2008-02-02

About IBM, Web 2.0 and Microsoft. Part I

January 28, 2008 IBM's Lotus Development Corp. unit has shifted its integration, social software and unified communications story into high gear as it prepares for a Web 2.0 scuffle that likely will dwarf its past e-mail clashes against Microsoft Corp.

The Web 2.0 battle will encompass many foes beyond Microsoft, including Cisco Systems Inc., and traditional telephony vendors and online giants such as Google Inc. and Yahoo Inc. It will also produce product and vendor options that are sure to test the strategic investment skills of IT executives who told Network World in 2007 that they view collaboration technologies as "important" or "somewhat important" to their future productivity goals.

At its annual Lotusphere show, IBM hammered away at the way it will integrate its product portfolio that includes messaging, real-time communication, and new social software and rapid application-development tools.

But compared with past editions of the conference, in which Lotus seemed to be steering the course of collaboration evolution, the company now seems to be playing from behind in many areas, including messaging, Web conferencing, unified communications and software-as-a-service, while Microsoft, Cisco and others are grabbing headlines.

But IBM has its gems as well.

The company's move last year into social software with Lotus Connections and this year's expansion of the platform give it perhaps the strongest set of tools built for corporate users in comparison with those of competitors that are working with adaptations of consumer products.
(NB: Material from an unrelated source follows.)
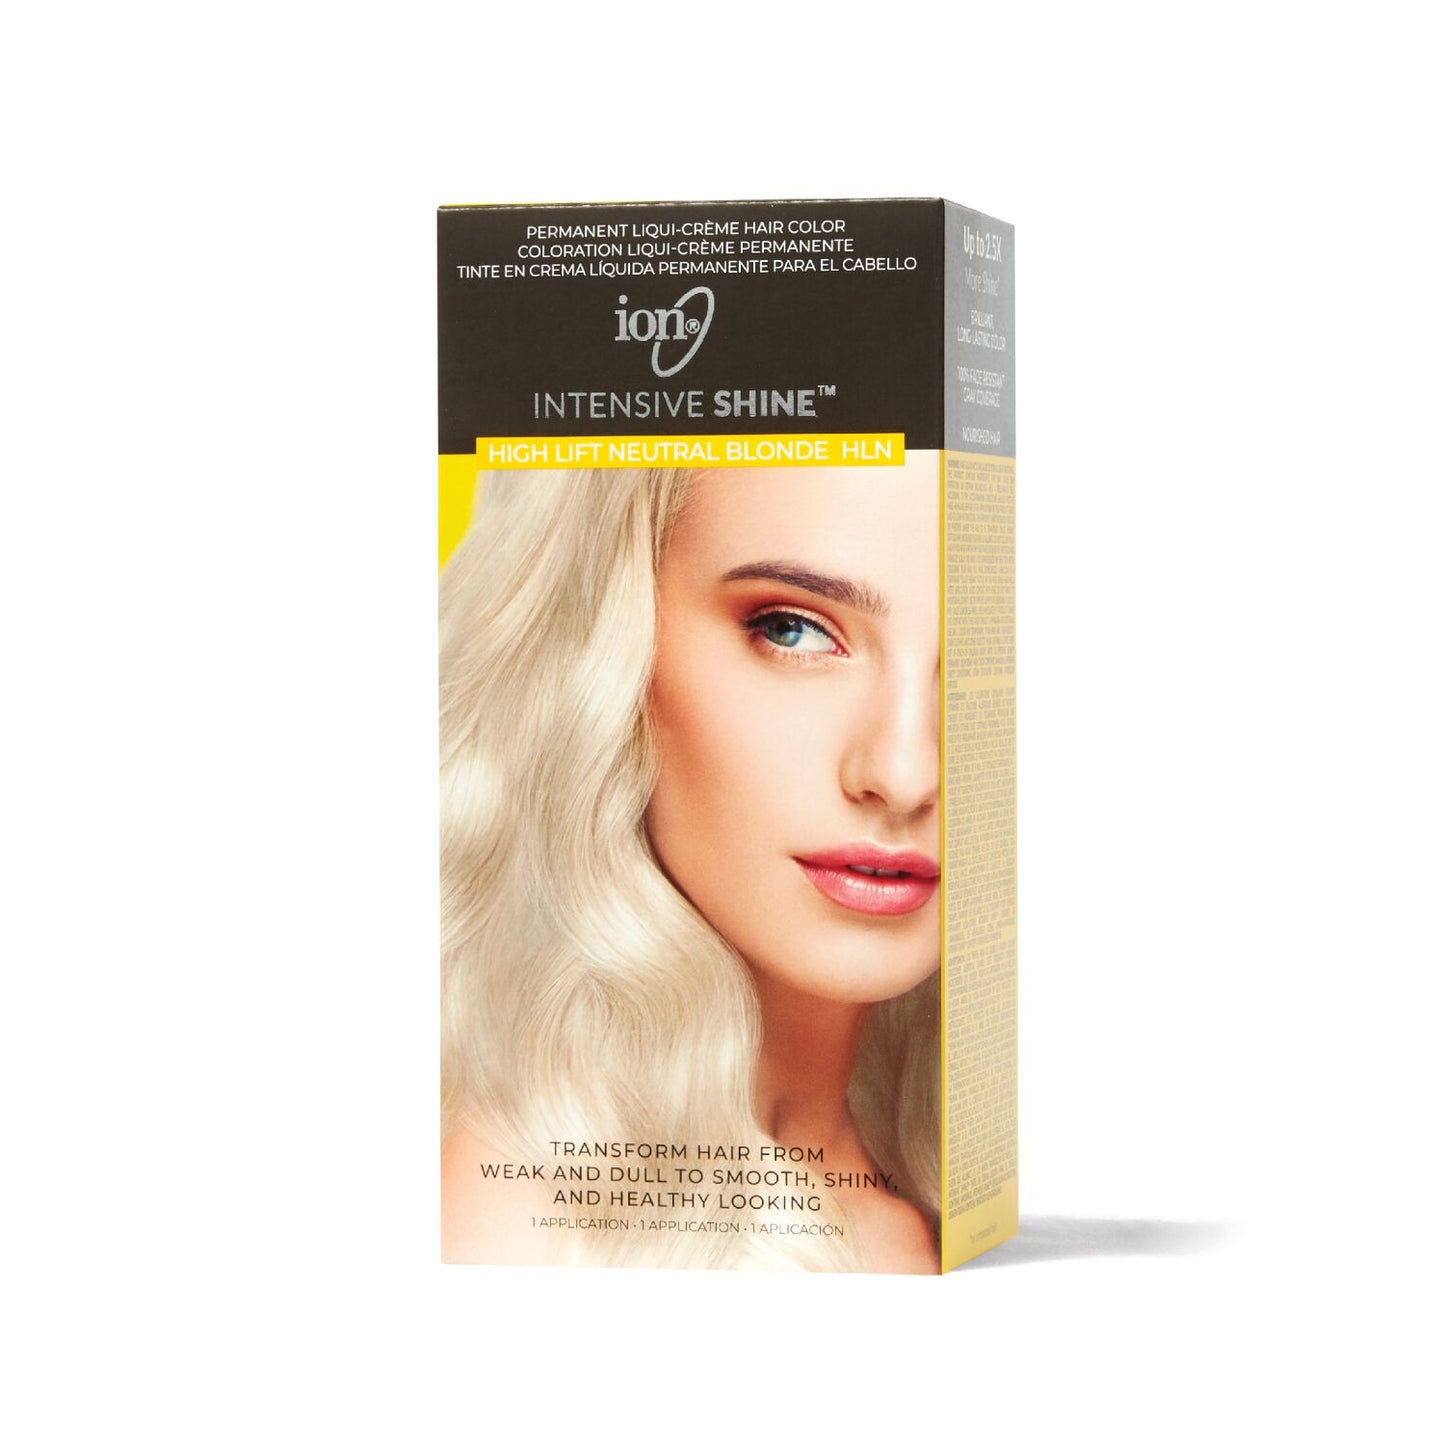 Intensive Shine  by   ion Intensive Shine Hair Color Kit High Lift Neutral Blonde HLN

In addition, the delivery with Notes 8 of the company's open-client framework built on Lotus Expeditor and Eclipse, a container for executing XML-based application components, provides client integration. This is designed for users who want to buy and run only the components they need, dictate the pace of their adoption, and retain options to fill in any gaps with homegrown software.
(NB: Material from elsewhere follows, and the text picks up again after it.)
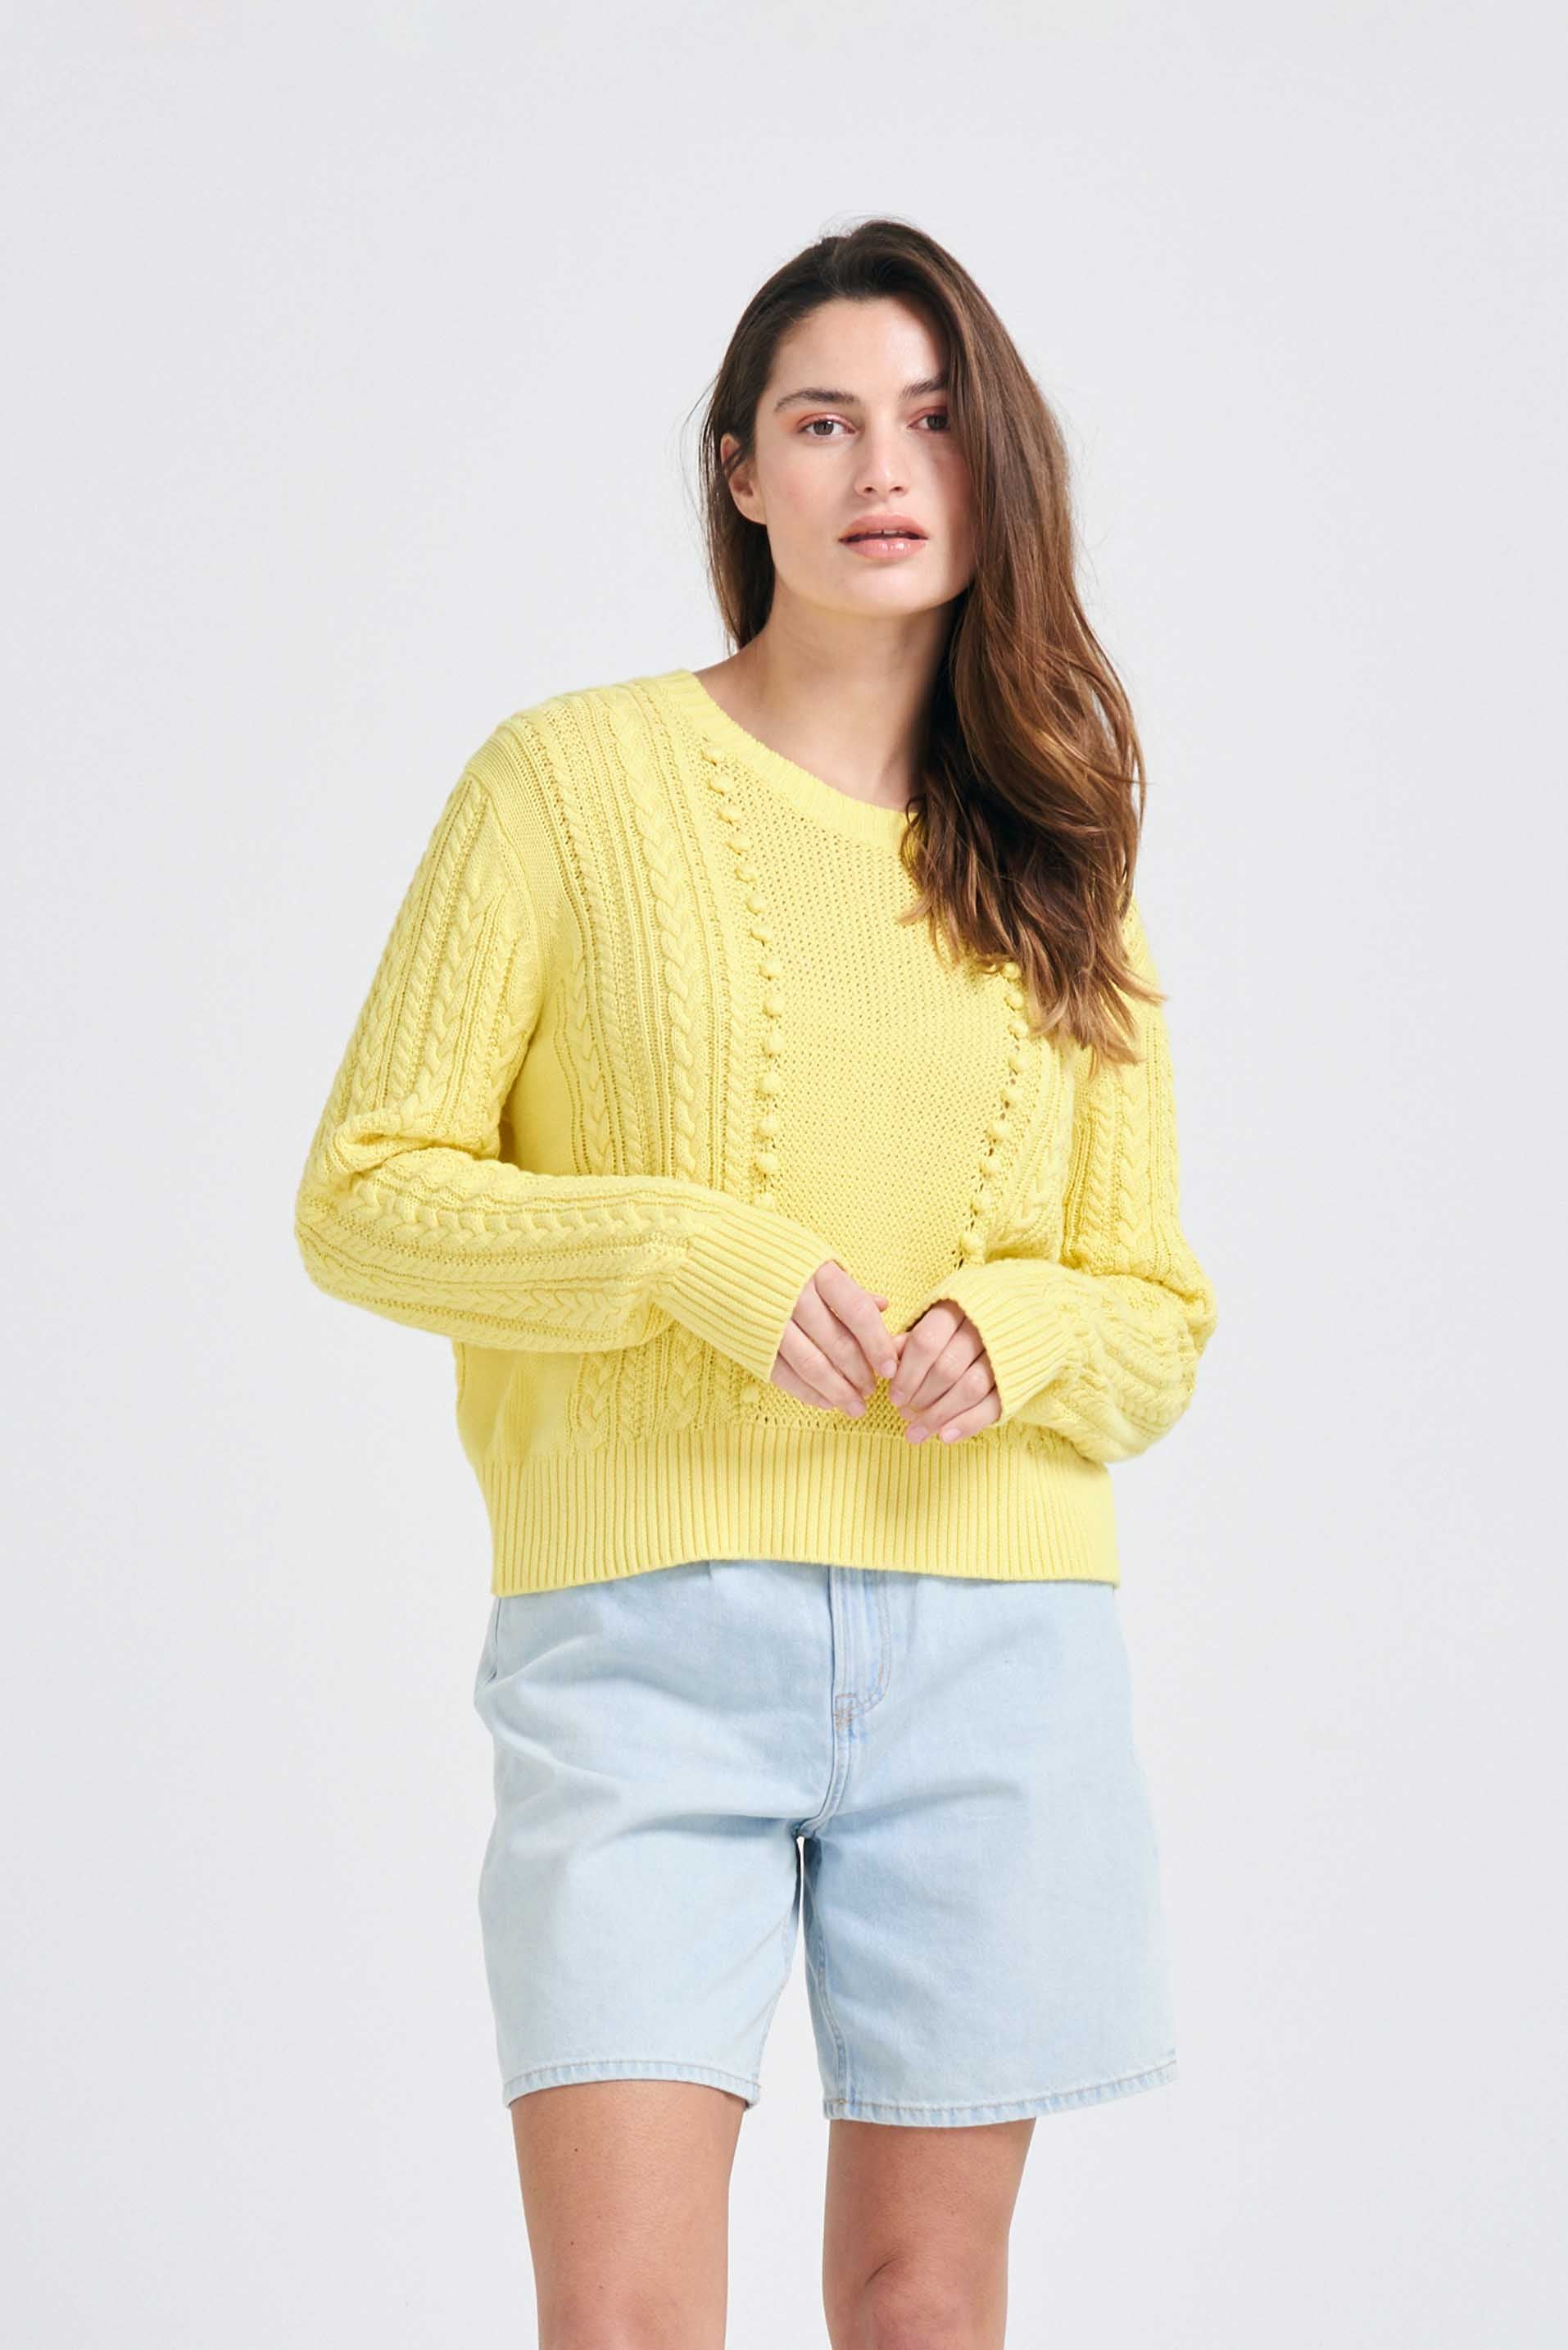 Brown haired female model wearing Jumper1234 Yellow cotton aran crew neck jumper with a ribbon tie back, back shot

In addition to Notes 8, the framework is the front end for Sametime 8 and Lotus Symphony productivity applications. It will eventually front every back-end server and service so users can get functionality a la carte while maintaining a single interface.

In addition, IBM said that integrating those same servers with other clients, such as Microsoft Outlook and partner software such as Carestream Health Inc.'s imaging tools, won't lock users into the Lotus platform and will expand its range of potential sales.

Lotus last week also announced partnerships with SocialText Inc. and Atlassian Software Systems Pty. to integrate wiki technology from each vendor into Lotus Connections.

"The most beneficial part for customers is the integration," said Dwight Davis, an analyst at Ovum. "It's the fact I don't know that I am using Quickr [content management]; it's just a plug-in to my client."